The US Regularly Treats Black Weed Users Like Brittney Griner

As outrage mounts over WNBA star Brittney Griner’s prison sentence in Russia, harsh U.S. weed laws are also coming under scrutiny.

by Manisha Krishnan

Aug 16 2022

Even if Brittney Griner serves her full nine-year prison sentence, she’d be free from a Russian penal colony by 2031—but Allen Russell would still be sitting in a Mississippi prison for getting caught with less than two ounces of weed.

Russell, who’s also Black, was sentenced to life in prison for possession of 43 grams of cannabis in 2019. In June, the Mississippi Supreme Court upheld his sentence and ruled that it wasn’t “cruel and unusual punishment.” 

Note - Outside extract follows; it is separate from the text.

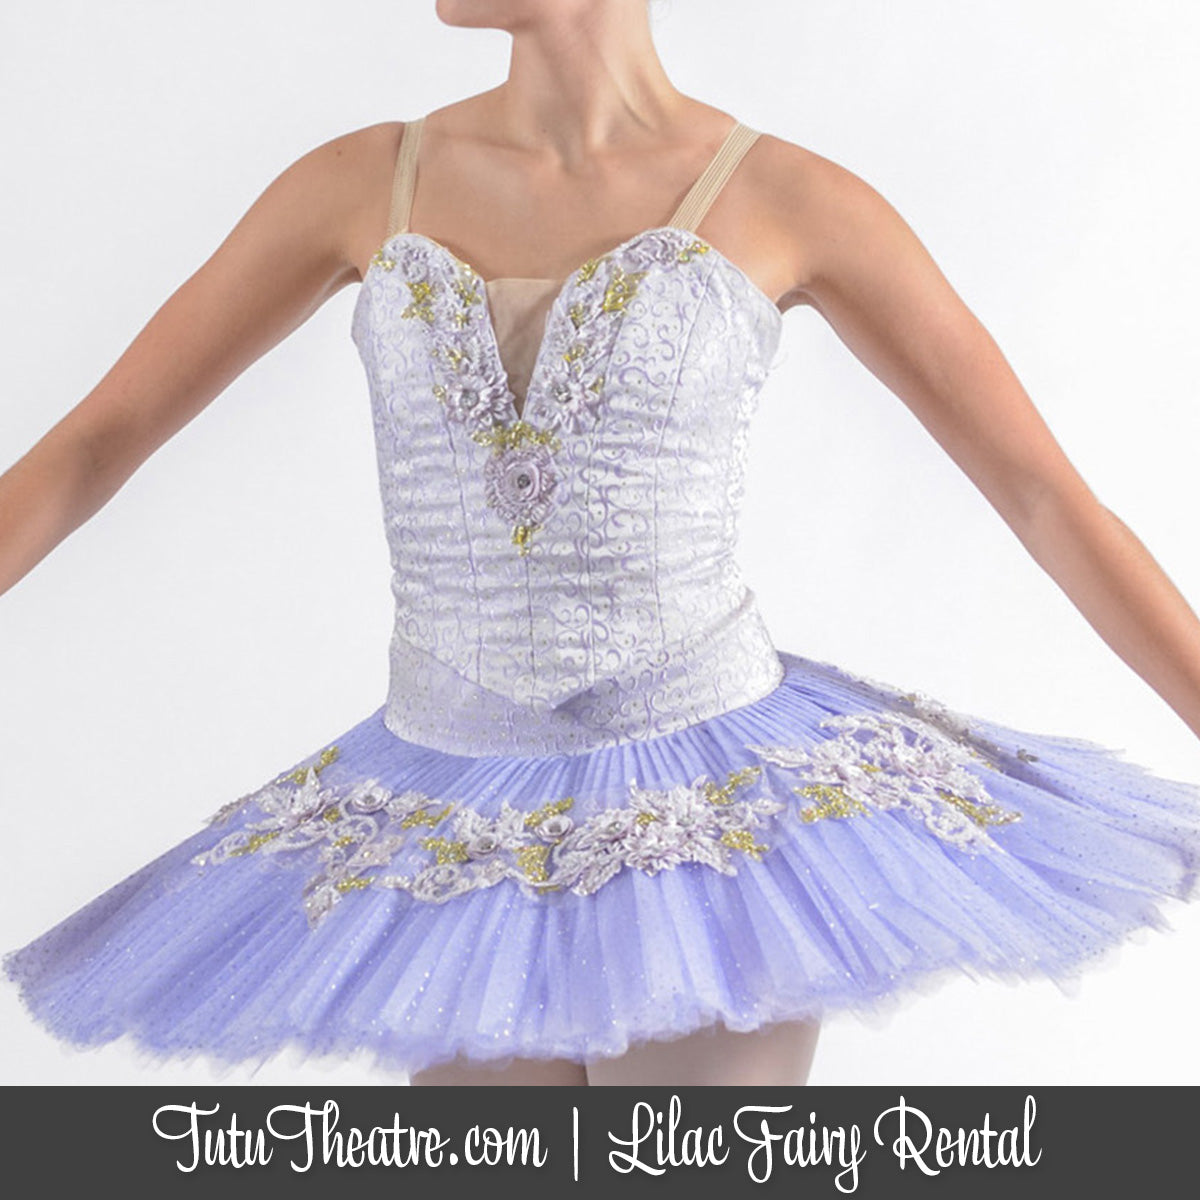 Lilac Fairy Classical Tutu Rental
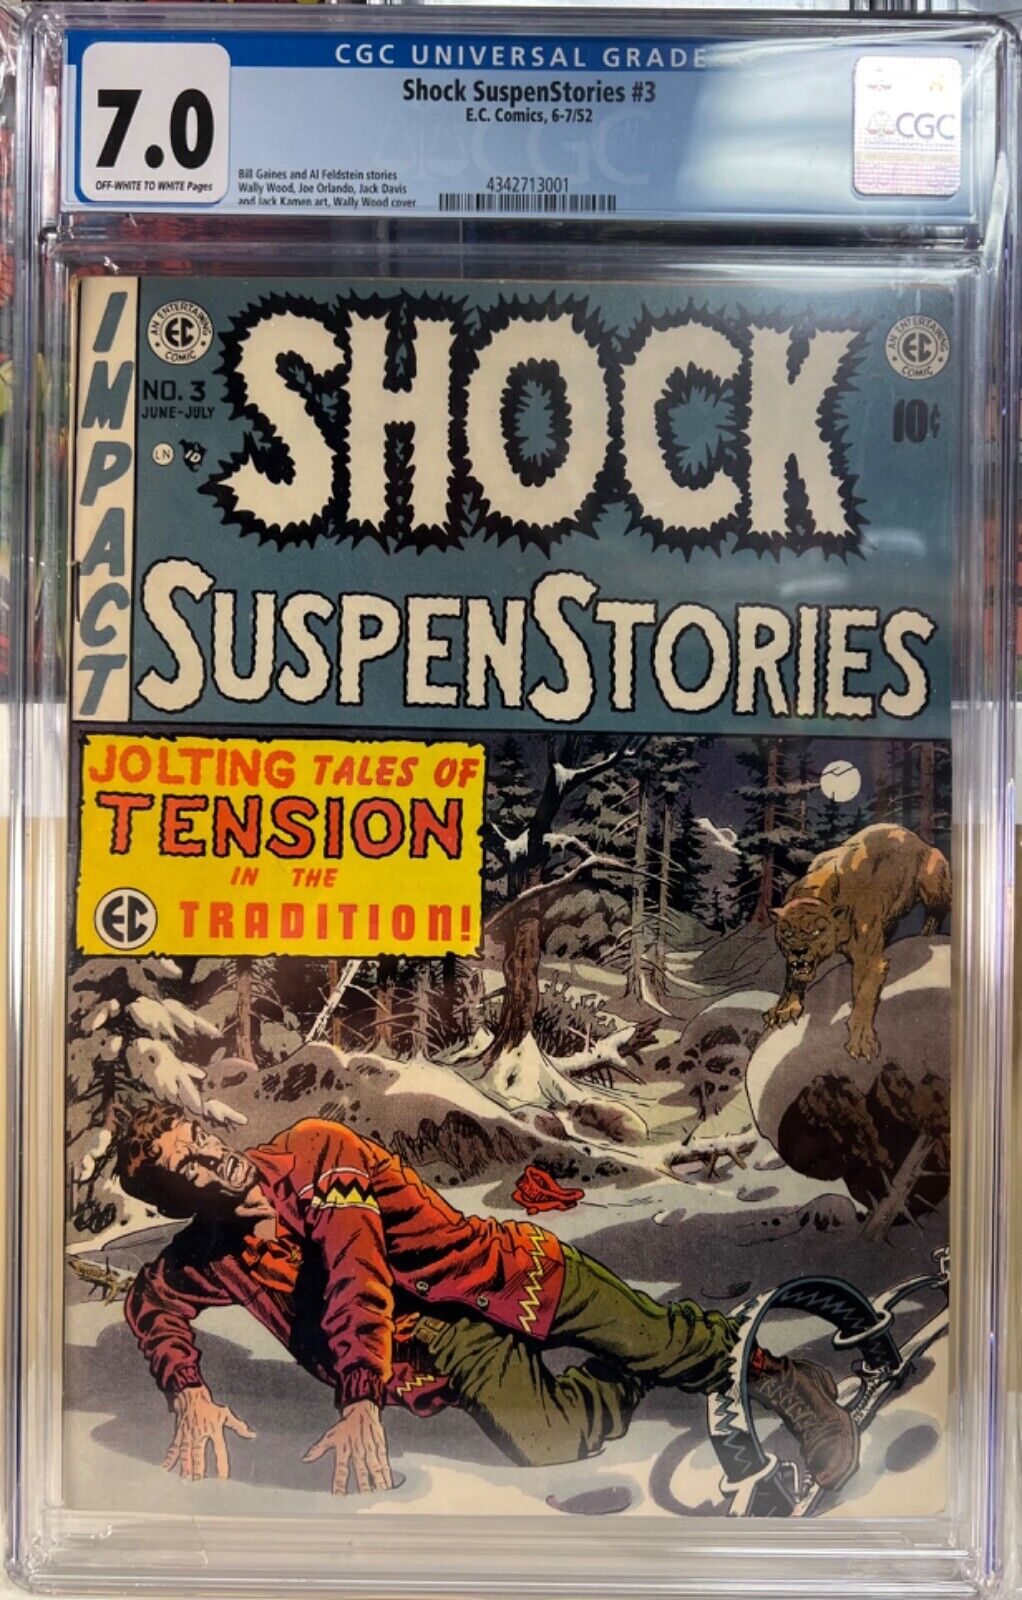 Shock SuspenStories #3 - CGC 7.0 FN/VF OW/W Decapitated head panel (1952)

Lawyers for Griner are appealing the 31-year-old WNBA star’s conviction for drug possession and smuggling after she was caught with less than a gram of cannabis oil in her luggage at Sheremetyevo International Airport, near Moscow. The Russian government has also said it’s willing to discuss a prisoner swap.  

But as outrage mounts over Griner’s imprisonment, many lawyers and anti-prohibition advocates point out that the U.S. regularly doles out harsh sentences to people, especially Black Americans, for weed crimes.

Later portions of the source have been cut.